Agostino Forgione dice ad Aurelio De Laurentiis che la Thatcher è un falso mito perché non risolse il problema hooligans
“La violenza negli stadi italiani è una storia che dura da 50 anni. Finché non si prende la legge della Thatcher per applicarla in Italia, avremo sempre questi problemi”: più volte Aurelio De Laurentiis chiama in causa la Thatcher per fermare il problema relativo agli ultras. Il giornalista e blogger napoletano, Angelo Forgione, ha ripercosso la vicenda, smentendo il presidente azzurro: “Aurelio De Laurentiis lo ripete da anni, e fa benissimo, ma, circa il cosiddetto “modello inglese”, commette anche lui, come tanti, un errore a rifarsi ancora una volta al falso mito di Margaret Thatcher, Primo ministro britannico negli anni Ottanta, che non risolse alcun problema hooligans, anzi, ne creò altri negli stadi inglesi.
Subito dopo la tragedia dell’Heysel (1985), la “lady di ferro”, che odiava il calcio, si affidò alla repressione, affinché i tifosi fossero trattati come peggio non si potesse. La prima decisione fu quella di ritirare tutte le squadre del proprio paese dalle competizioni internazionali per l’anno successivo, prima che l’UEFA le squalificasse per cinque anni. Quegli animali non dovevano mostrare il brutto volto d’Inghilterra all’estero, e in patria andavano chiusi in gabbia. Così la Signora decise di far erigere delle recinzioni di metallo negli stadi di casa, già vecchi e pericolosi, rendendoli ancora più pericolosi. Il fallimento della misura fu sancito il 15 aprile 1989, giorno della semifinale di FA Cup tra Liverpool ed Nottingham Forest in campo neutro, a Sheffield. I tifosi del Liverpool furono stipati in una gradinata stretta e recintata, restando schiacciati contro le grate. 96 persone persero la vita.
Forgione smentisce De Laurentiis a proposito del riferimento alla Thatcher
Il governo inglese si affidò al giudice Peter Taylor perché producesse una vera e propria inchiesta sul disastro.
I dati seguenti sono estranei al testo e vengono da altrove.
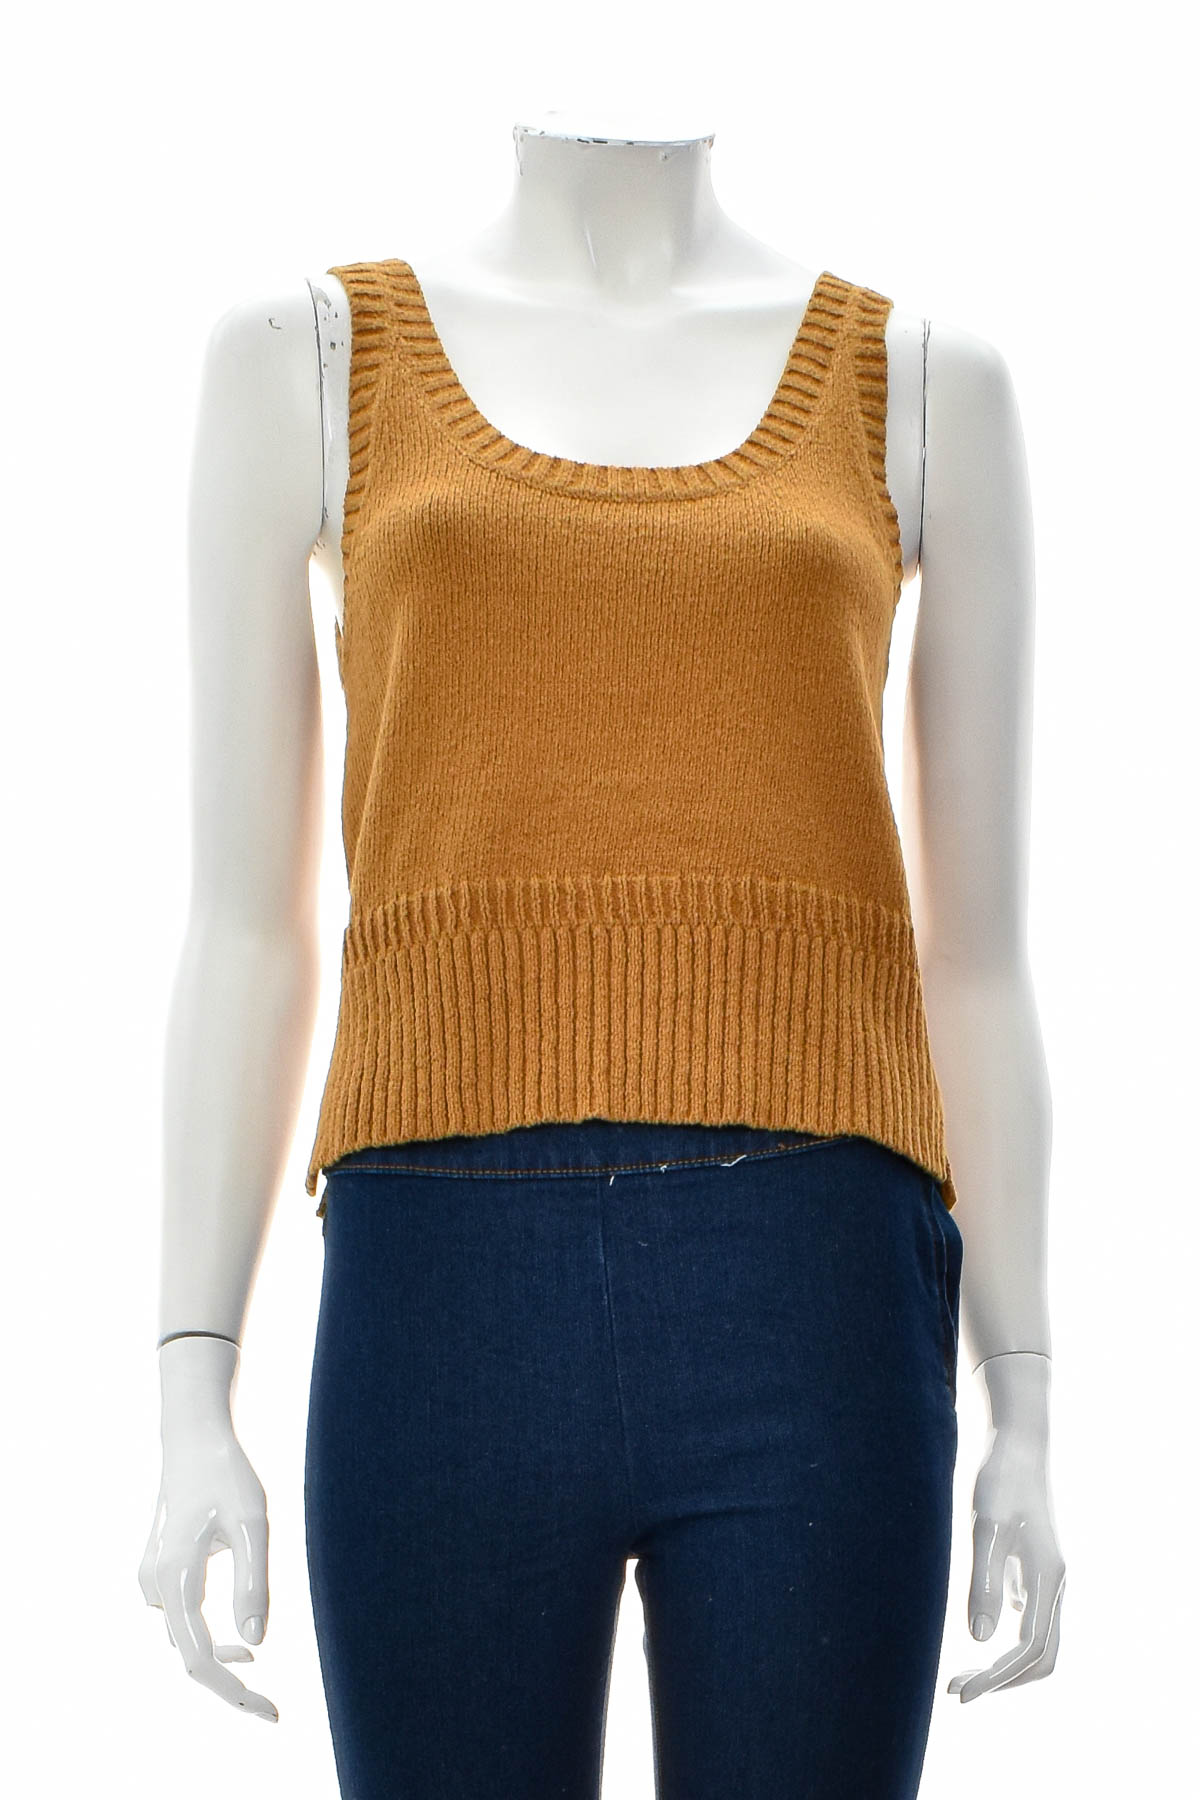 Women's sweater - Madewell - 0
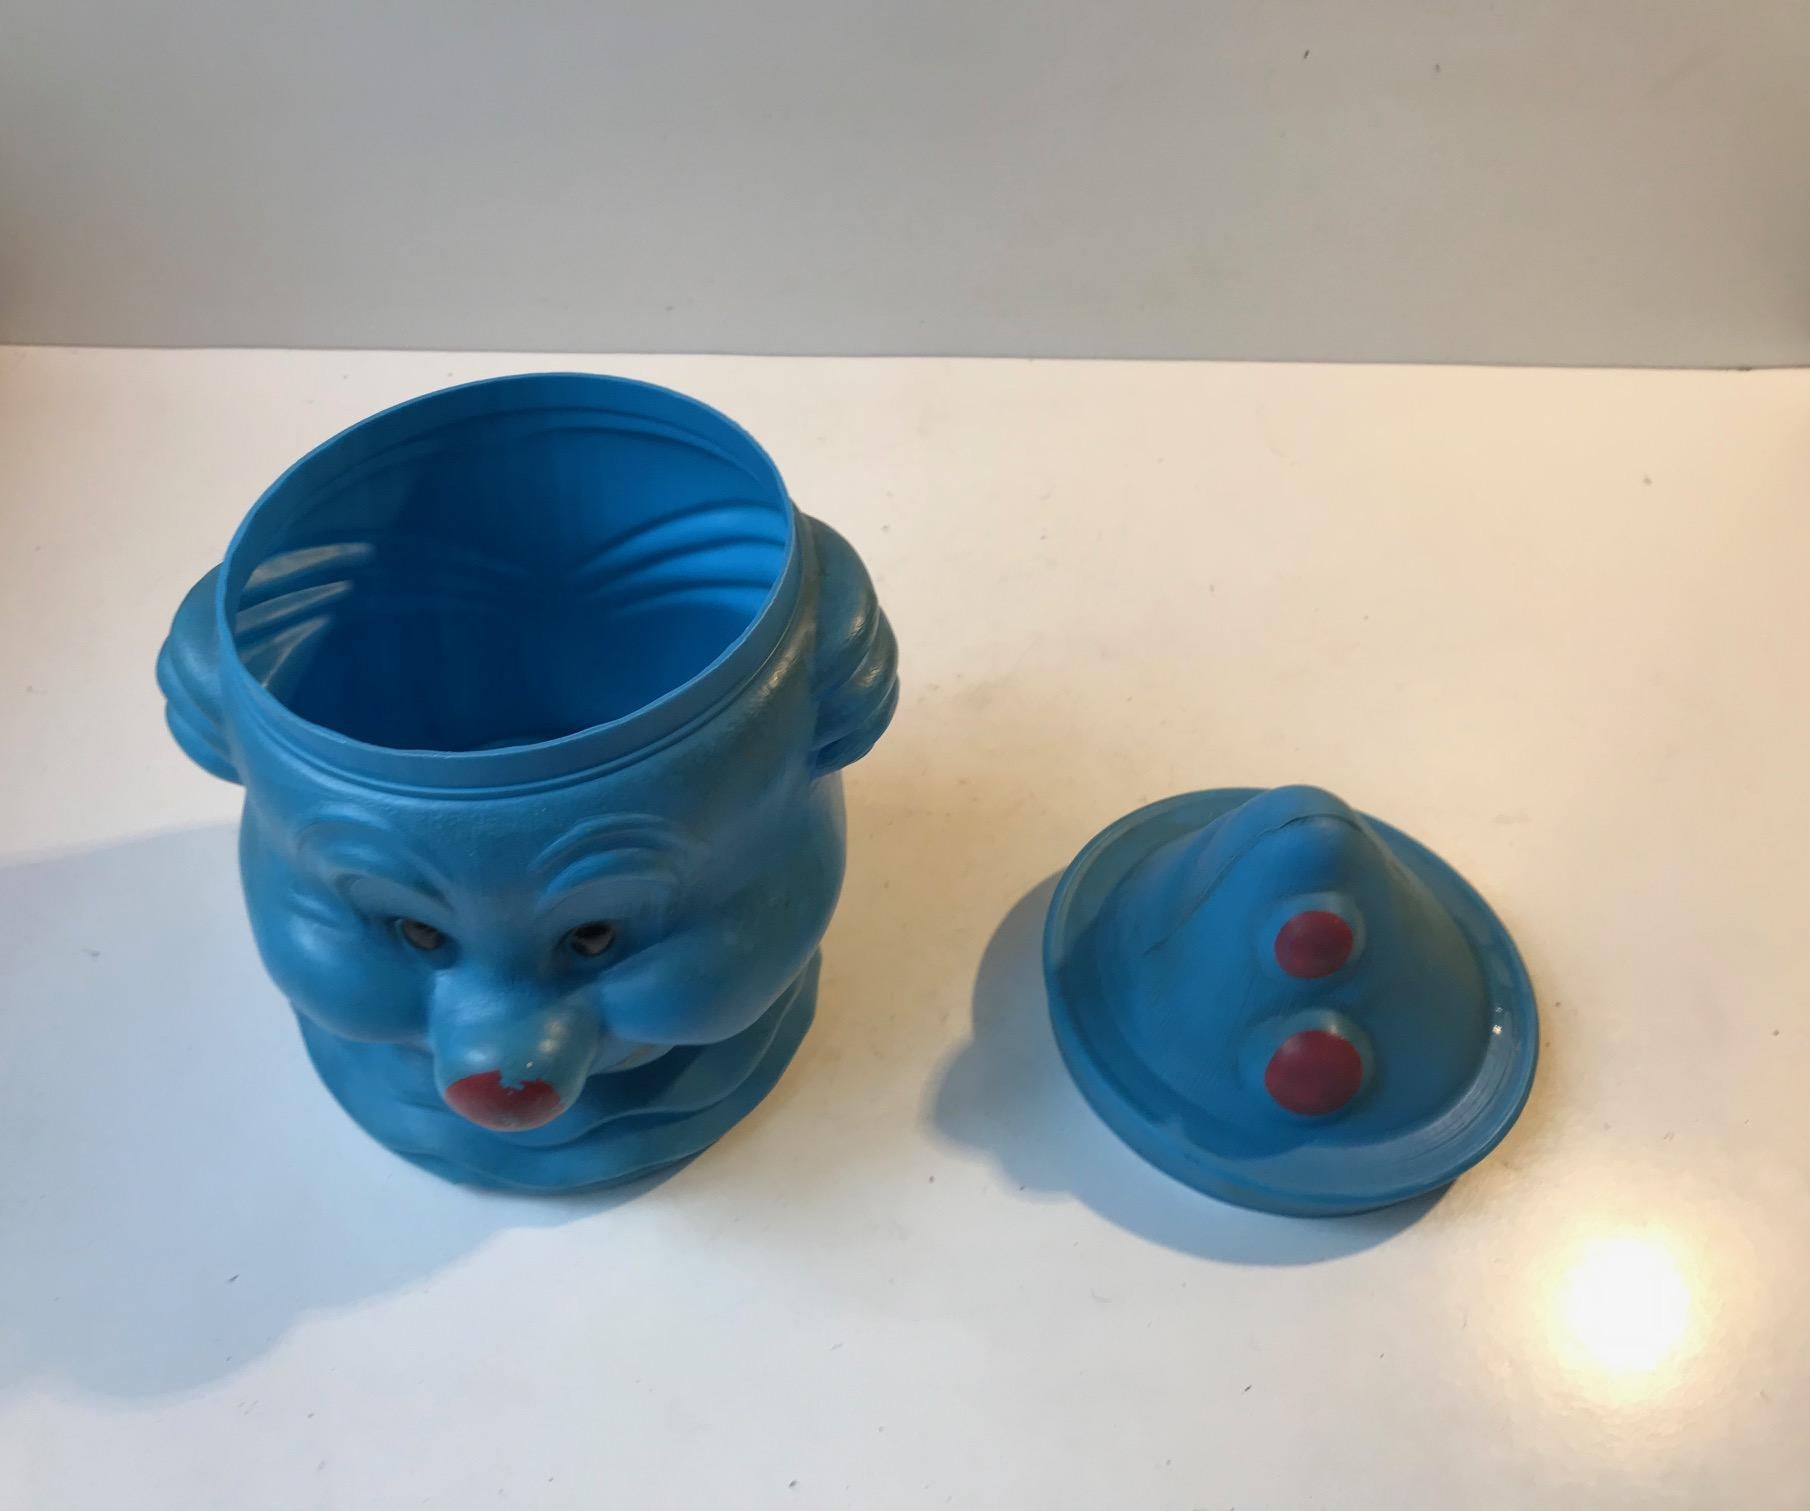 clown cookie jar

Dopo mesi di indagine, Taylor pubblicò un ampio rapporto in cui i recinti voluti dalla Thatcher furono ritenuti responsabili della tragedia, e aboliti. Da allora tutti i più grandi stadi avrebbero dovuto prevedere solo posti a sedere numerati, prendendo esempio – pensate un po’ – dai nuovi stadi italiani approntati per i Mondiali del 1990.
Le società furono responsabilizzate affidando la sorveglianza all’interno degli impianti attraverso la presenza di stewards privati (pagati dai club) in collegamento via radio con la polizia presente solo all’esterno degli impianti. A tutte fu fatto divieto di intrattenere rapporti con i propri tifosi. Fu vietata l’introduzione di alcolici. Infine, con il Football Offences Act del 1991, sotto il governo di John Major, successore della Thatcher, fu dato potere alla polizia di arrestare e far processare per direttissima i tifosi anche solo per violenza verbale, cioè per linguaggio osceno e cori razzisti.
Forgione ripercorre ciò che avvenne in Gran Bretagna con gli hooligans
I club inglesi iniziarono a investire grandi risorse economiche nelle ristrutturazioni dei propri stadi o nella costruzione di nuovi impianti. I prezzi dei biglietti iniziarono ad aumentare e si creò così un innalzamento del livello sociale dei frequentatori delle curve. I tifosi inglesi di oggi, almeno in patria, sono diversi dagli hooligans degli anni Ottanta; abituati ad entrare allo stadio con il biglietto elettronico, recarsi ognuno al proprio posto numerato, sostenere la propria squadra e poi tornarsene a casa. Sanno che se solo urlano offese vengono beccati e cacciati per sempre, figurarsi se entrano in campo.
Si può fare in Italia? No, perché mancano leggi efficaci, stewards preparati e stadi moderni (e pensare che gli inglesi si erano rifatti ai nostri). Per carità, non è mai troppo tardi per decidere di copiare ciò che in Inghilterra ha funzionato, che però non è ciò che attuò la Thatcher, ritiratasi dalla politica nel 1990 portandosi sulla coscienza 96 vite. Lei non c’entra niente con il “modello inglese” da seguire”.